Up until now Corcoran has been renting space to park public works equipment on various properties around the city, said City Administrator Brad Martens. The equipment sat outside and took a beating from the weather.
The new garage enables Corcoran to store equipment such as snowplows inside in a heated environment. Snowplow operators can jump into plow cabs, quickly start engines and hit the road. A new overhead crane will enable public works employees to safely install heavy snowplow blades. A welding hood will be another new safety feature for equipment maintenance. And maintenance work can be done inside at room temperatures.
Other features of the new facility are gas pumps and storage areas for salt and sand.
Police officers will continue to store squad cars at the Corcoran Police Department on County Road 101, and officers now can bring their squads to the Public Works Department for maintenance and gas.
Martens noted that the new garage is located with convenient access to major transportation arteries in Corcoran, including county roads 19, 10 and 30. This will help public works employees get where they need to go.

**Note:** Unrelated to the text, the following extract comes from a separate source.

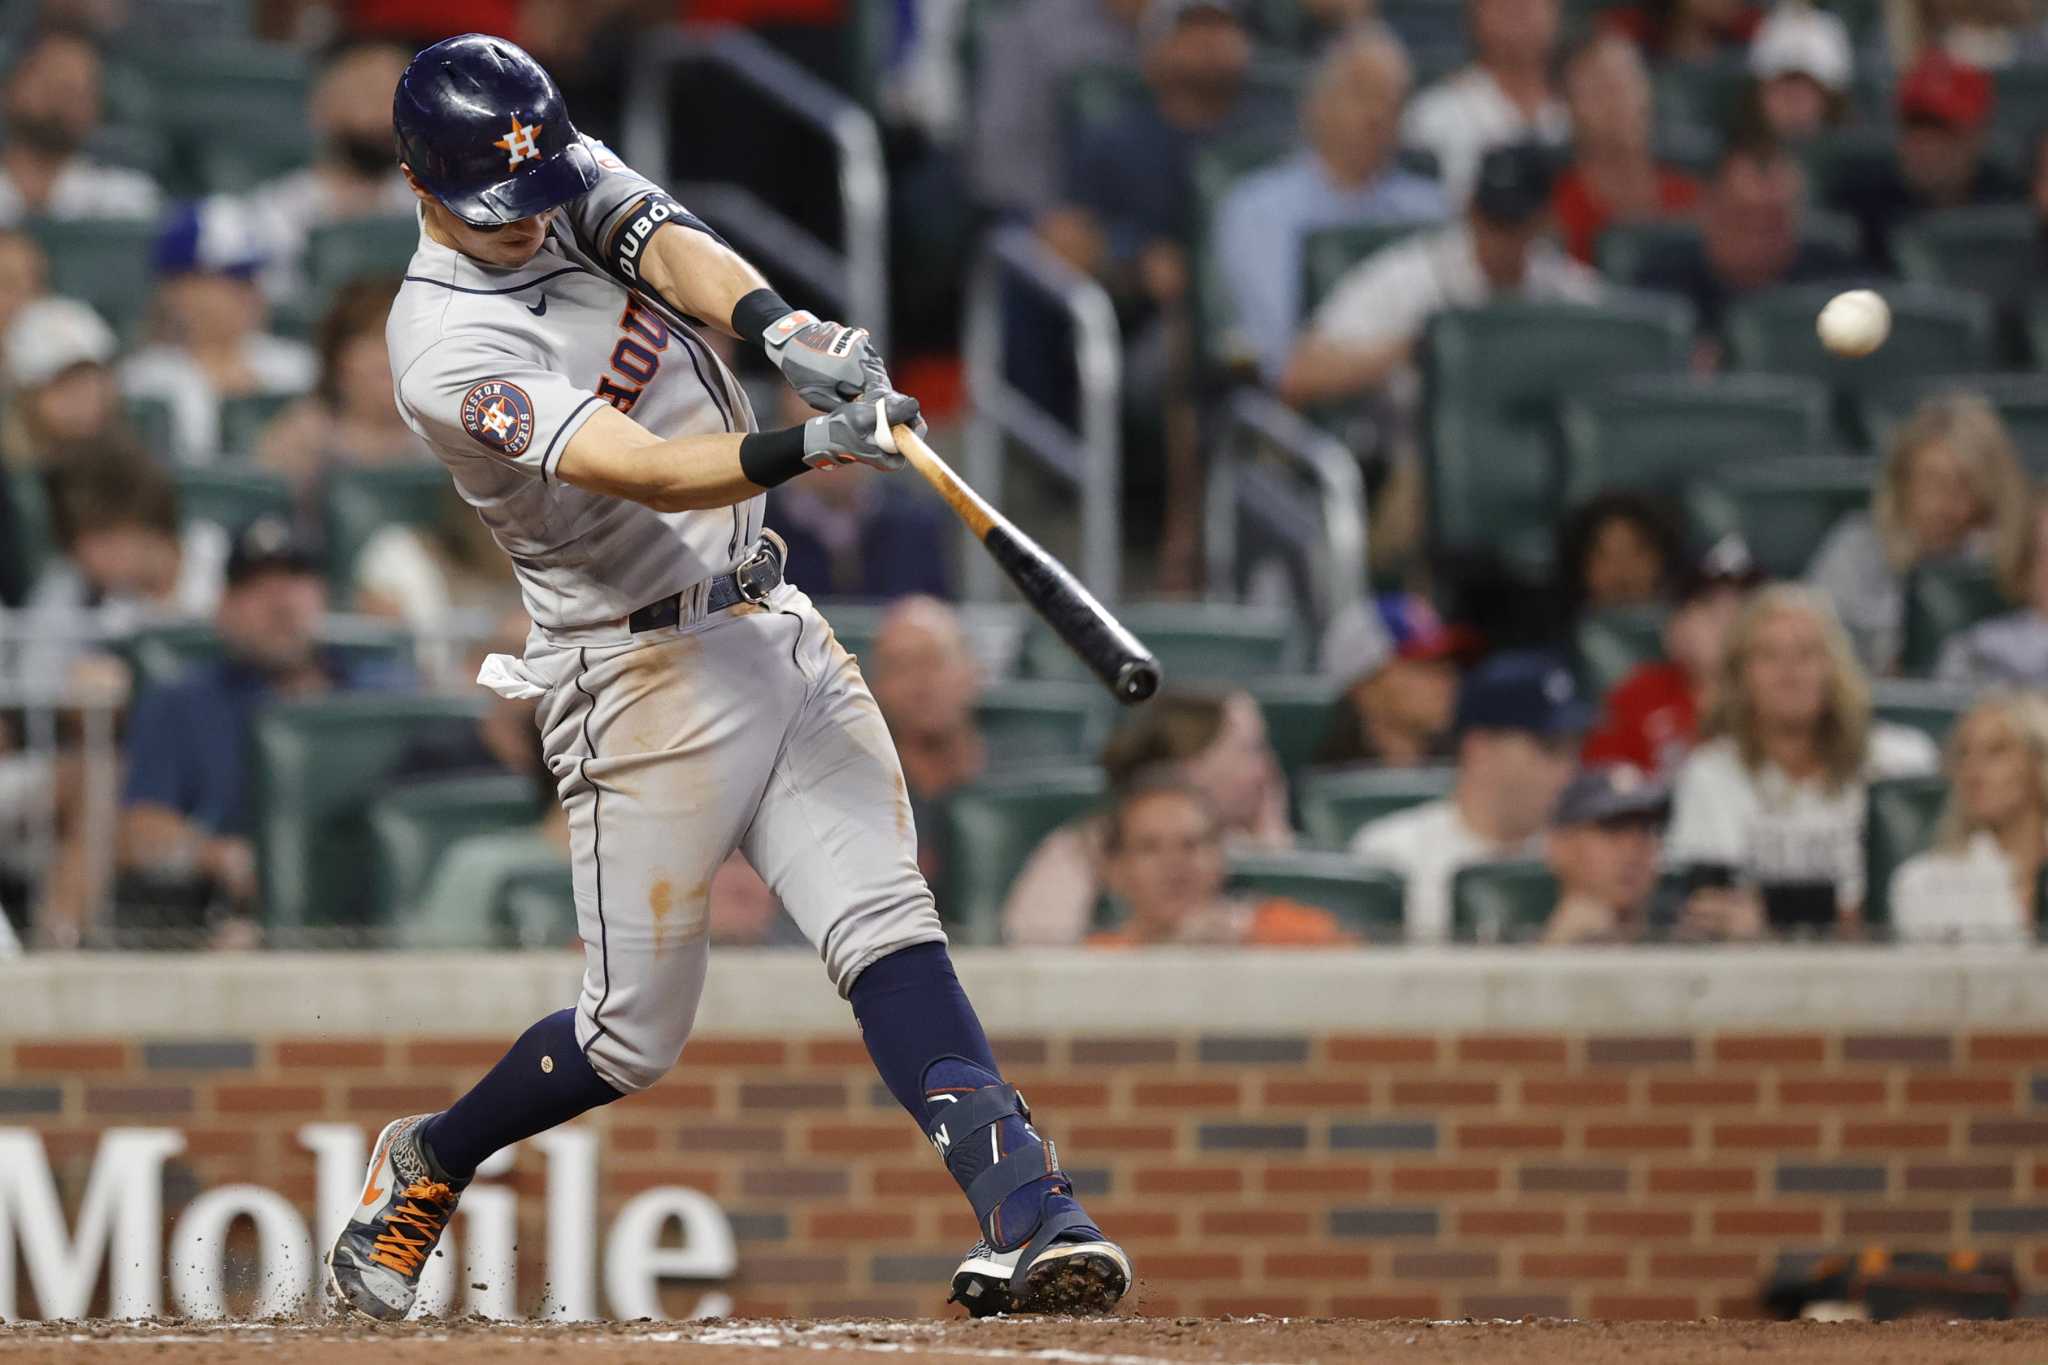 Astros: What's better than hits for Mauricio Dubon? 'More hits.

Corcoran sold $4 million in bonds to finance the garage and came in nearly on budget, Martens said. Because of change orders, the city is finding $173,000 to bridge a gap between bond proceeds and project costs. In April the City Council also authorized the selling of 10-year equipment certificates, a form of borrowing, to pay for the overhead crane, welding hood and some vehicles.
The Public Works Department hoped to move into its new home late last fall. The certificate of occupancy arrived in January, and employees have been moving things in slowly since them.
Martens said heavy snowstorms delayed the moving in process. Public works had a higher priority: making streets drivable.